Bush undermines UN by trying to get its job done
It's all about the UN
Excerpt:
United States President George Bush was tonight accused of trying to
undermine the United Nations by setting up a rival coalition to
coordinate relief following the Asian tsunami disaster.
The president has announced that the US, Japan, India and Australia
would coordinate the world's response.
But former International Development Secretary Clare Short said that
role should be left to the UN.
'I think this initiative from America to set up four countries claiming
to coordinate sounds like yet another attempt to undermine the UN when
it is the best system we have got and the one that needs building up,'
she said.
'Only really the UN can do that job,' she told BBC Radio Four's PM
programme.
'It is the only body that has the moral authority. But it can only do it
well if it is backed up by the authority of the great powers.'
I say:
This should go without saying by now, but it doesn't, so I'll say it
yet again: the United Nations hasn't got any moral authority. There is
no moral authority without moral credibility, and the UN has no moral
credibility. Rwanda, Darfur, Kosovo, the Ivory Coast, the Iraq
oil-for-food scandal - all informed persons know the litany.

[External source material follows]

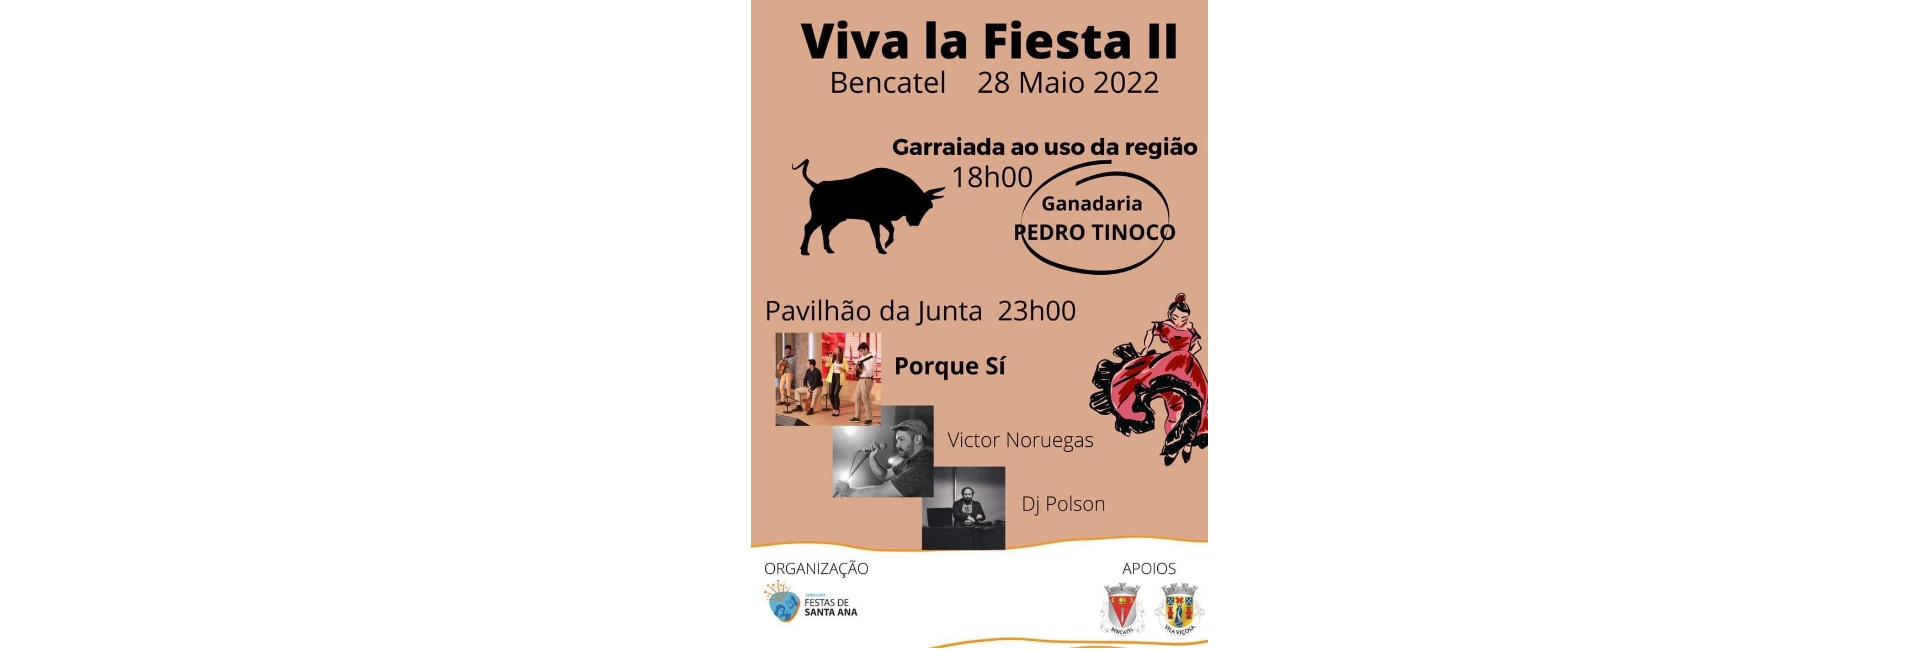 (Português) Bencatel – Viva la Fiesta II – 28 Maio

Also, the United Nations is *not* the best system we've got for any good
work. Not even close. Private charities in the United States are
putting the lie to Short's claims in that regard. They're responding to
this tsunmai fallout in a way that would put UN bureaucrats to shame -
if they were capable of shame.
The only way United Nations can justify their jobs is by denying all
this, and by repeating the Big Lie that they are the arbiters of moral
authority. They aren't.
So the inevitable - and rhetorical - question will be: is Bush trying to
undermine the UN, or is he trying to help people in an unfortunate part
of the world? I say that's a false dichotomy if there ever was one.

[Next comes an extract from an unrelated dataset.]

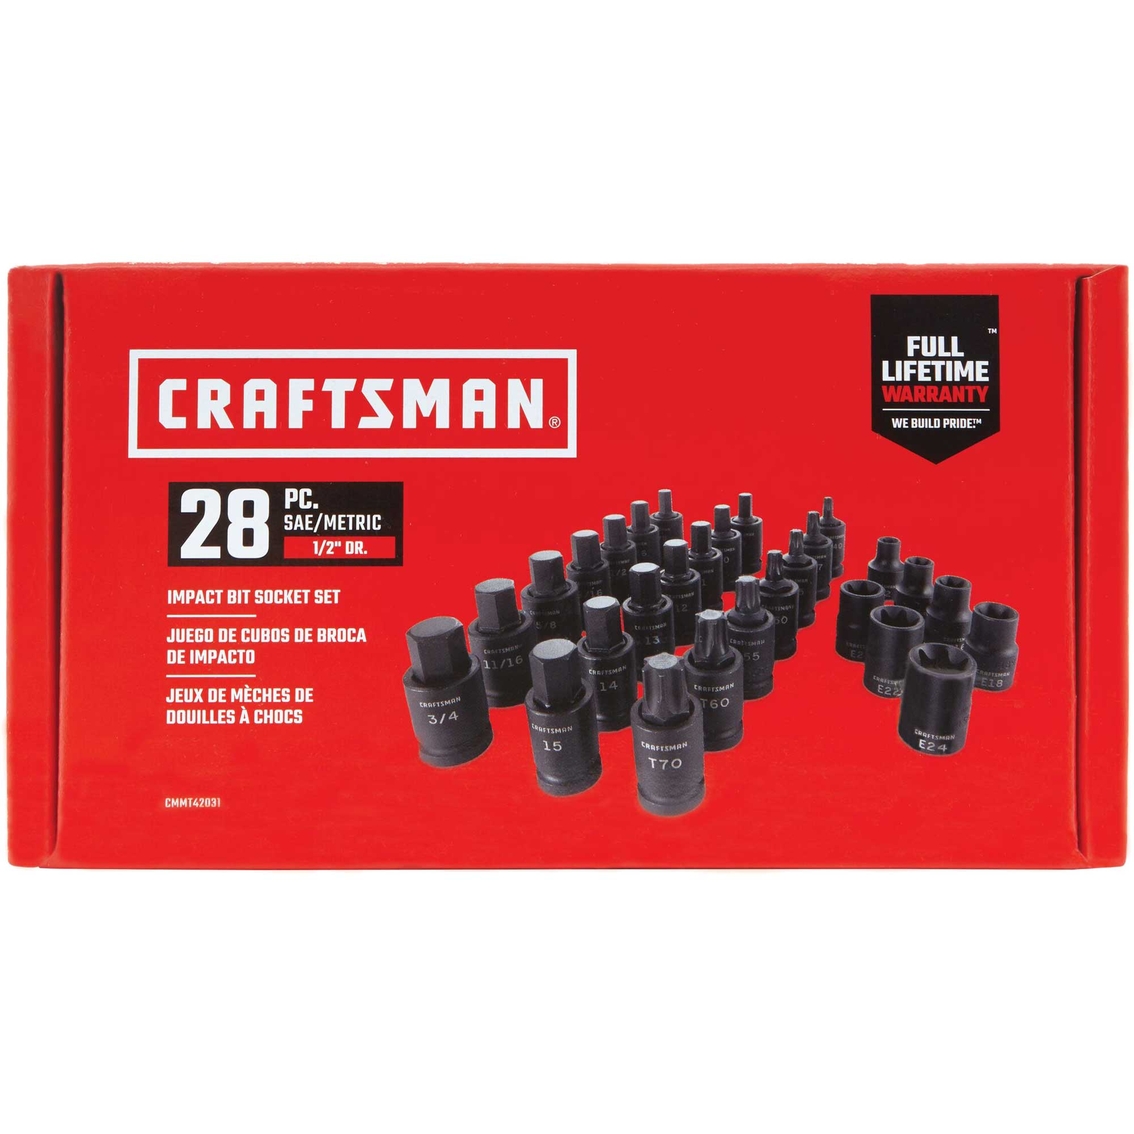 Craftsman SAE 1/2 in. Drive Impact Bit 28 pc. Socket Set - Image 2 of 2

The only way to get any real good done in this world is to do it over
the objections of the United Nations.
THe UN is a purely political and bureaucratic organization, dominated by
non-democratic states. They don't care about getting things done. They
care only about protecting their own turf. Maybe Dubya's rogue
coalition will light a fire under them for a while, and they'll acutally
do something themselves, if only to save their own jobs. But only for a
while.
Oh, and here's Chris Muir's take on it.
Kofi Annan is fabulously unsuited to do any good, but so was his
predecessor, and it's a sure bet his successor will be as well. Annan
is not the root problem here. The United Nations is the root problem.
The UN needs to be backed up by the authority of the great powers, as Ms.
Short admits. But do the great powers need the UN? Who *does* need the
UN?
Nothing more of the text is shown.